Brief:
Before you write out the listing, remove the pictures; everything else stays exactly as it is.

Dataset section:
*** Block opens ***
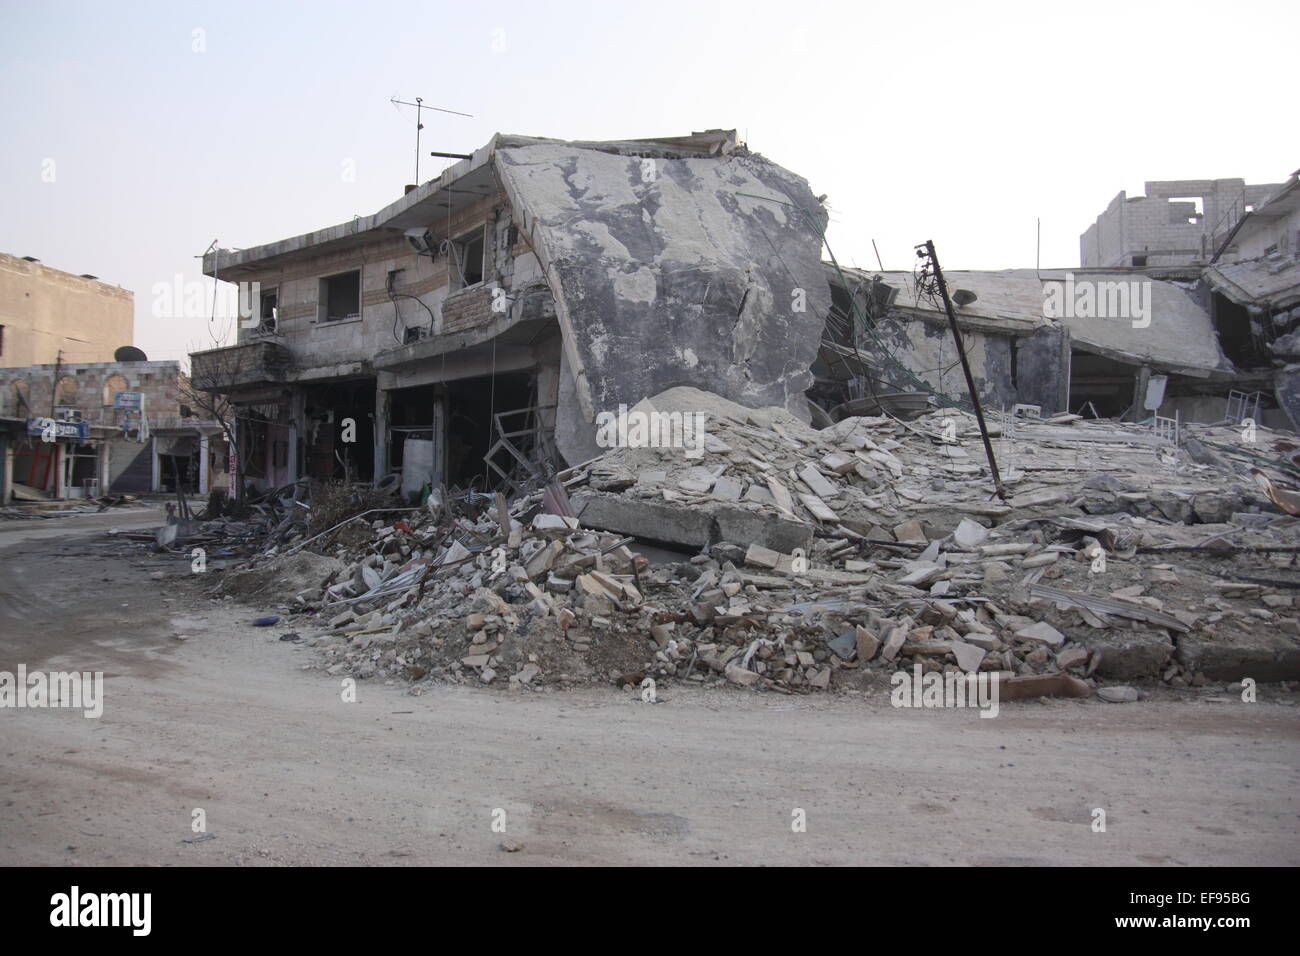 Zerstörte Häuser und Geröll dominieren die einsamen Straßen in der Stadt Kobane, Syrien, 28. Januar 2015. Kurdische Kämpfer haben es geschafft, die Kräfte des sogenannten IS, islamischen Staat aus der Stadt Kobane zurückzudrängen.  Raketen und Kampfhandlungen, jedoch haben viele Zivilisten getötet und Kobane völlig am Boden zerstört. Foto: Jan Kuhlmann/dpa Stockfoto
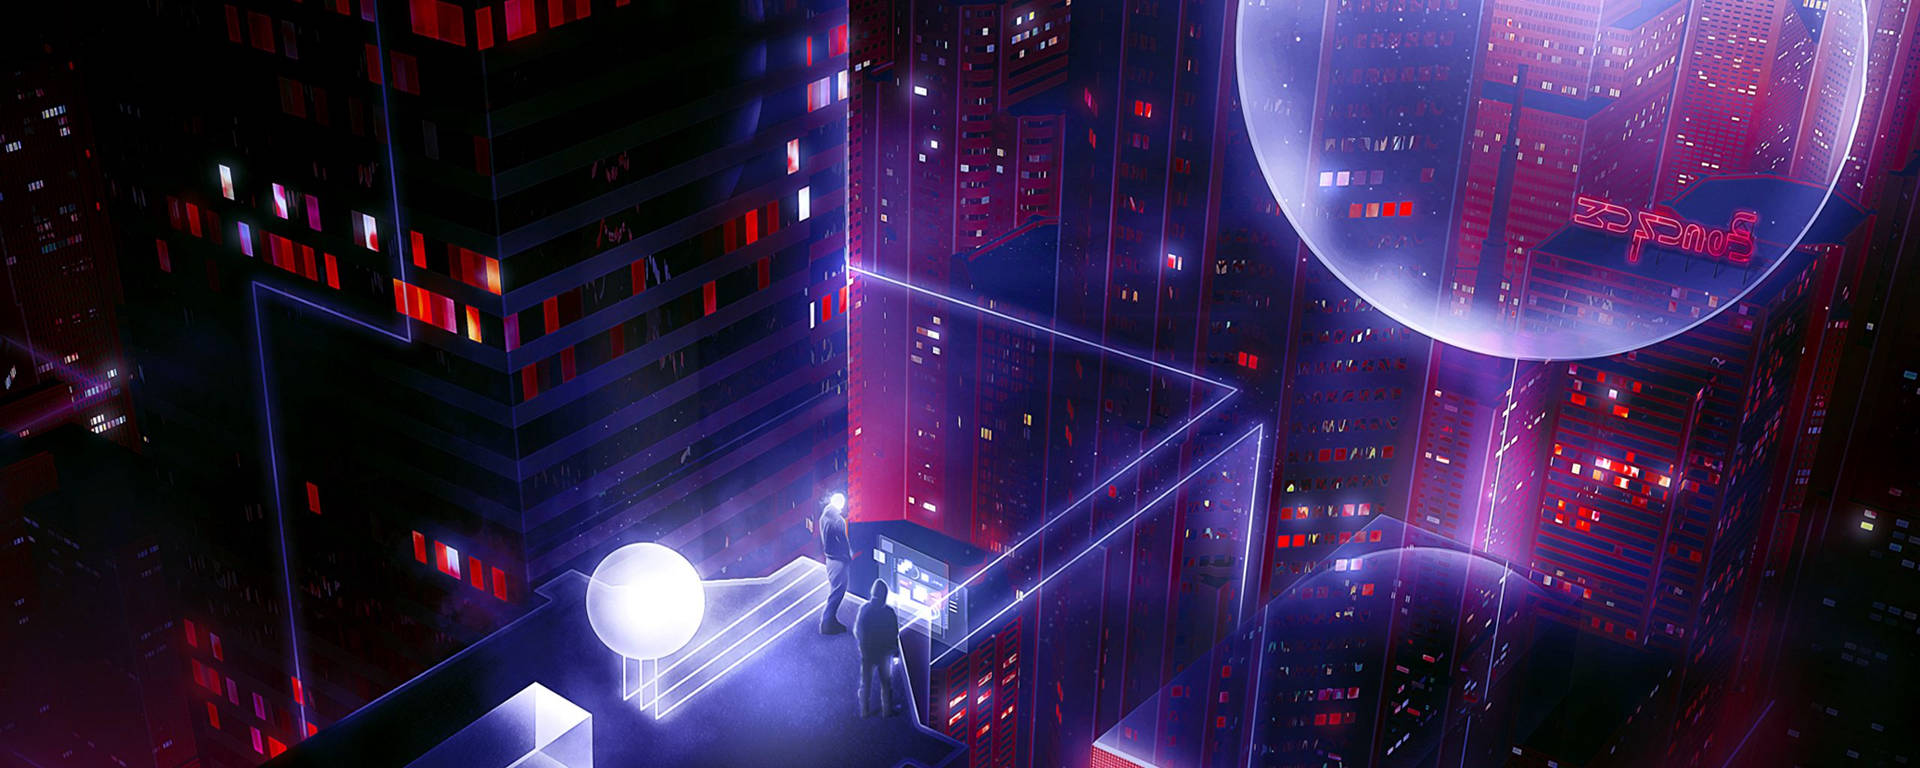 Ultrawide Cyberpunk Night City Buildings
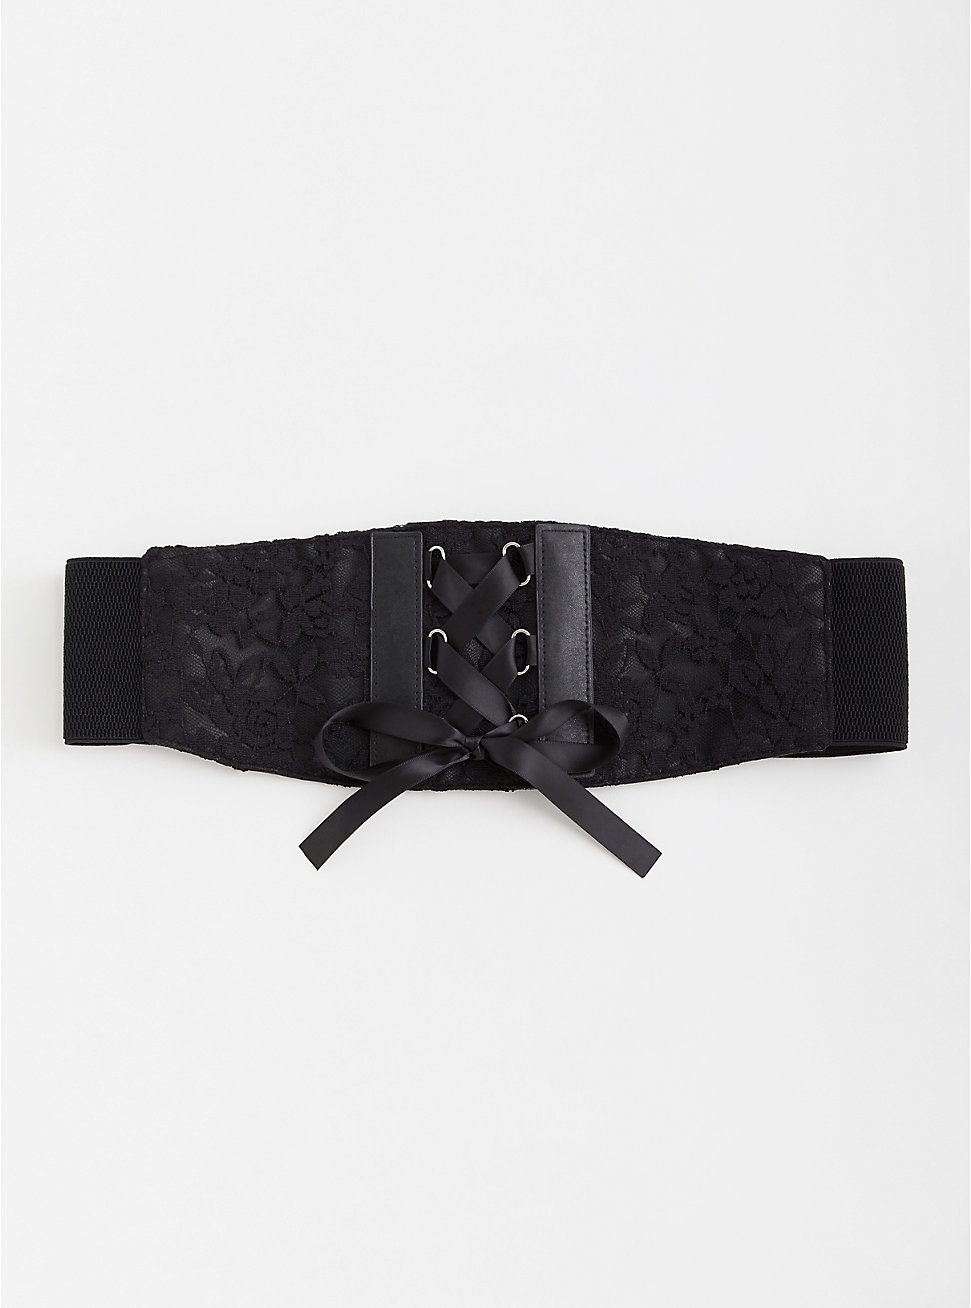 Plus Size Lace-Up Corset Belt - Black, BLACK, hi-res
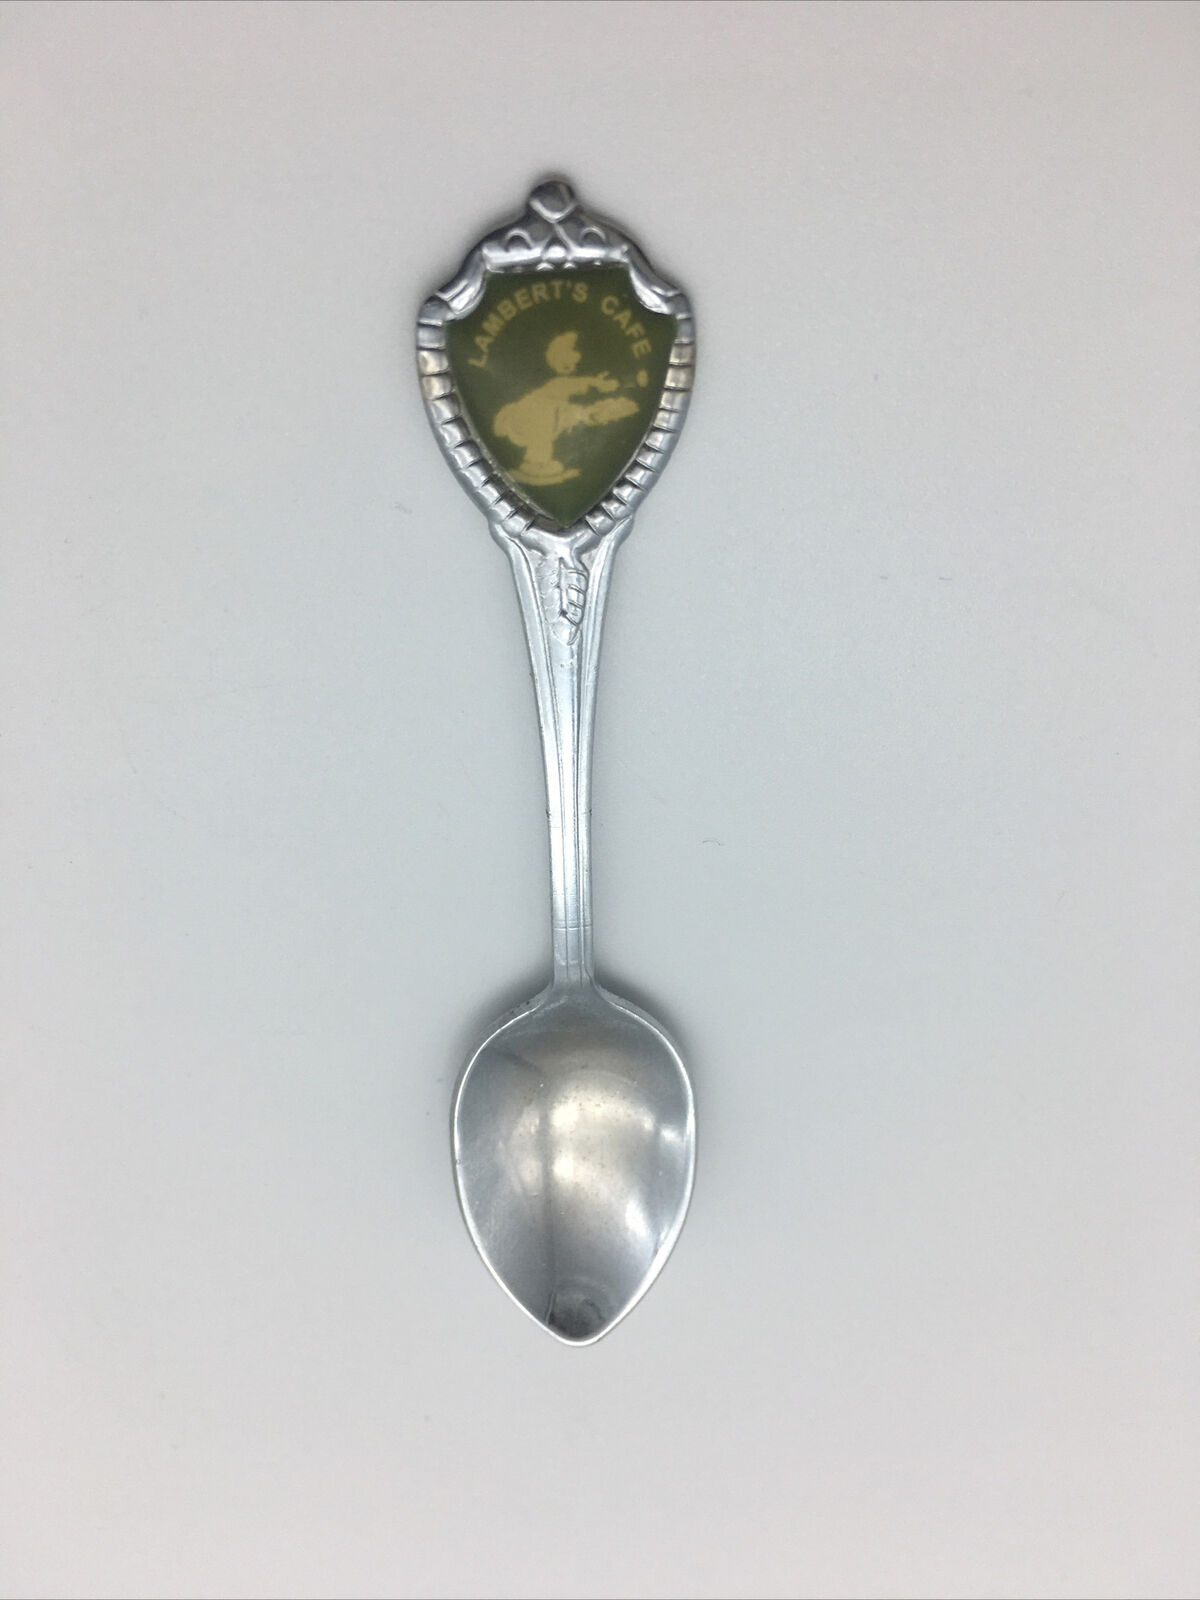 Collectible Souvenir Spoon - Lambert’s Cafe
*** Block closes ***
Task response:
 Zerstörte Häuser und Geröll dominieren die einsamen Straßen in der Stadt Kobane, Syrien, 28. Januar 2015. Kurdische Kämpfer haben es geschafft, die Kräfte des sogenannten IS, islamischen Staat aus der Stadt Kobane zurückzudrängen.  Raketen und Kampfhandlungen, jedoch haben viele Zivilisten getötet und Kobane völlig am Boden zerstört. Foto: Jan Kuhlmann/dpa Stockfoto
 Ultrawide Cyberpunk Night City Buildings
 Plus Size Lace-Up Corset Belt - Black, BLACK, hi-res
 Collectible Souvenir Spoon - Lambert’s Cafe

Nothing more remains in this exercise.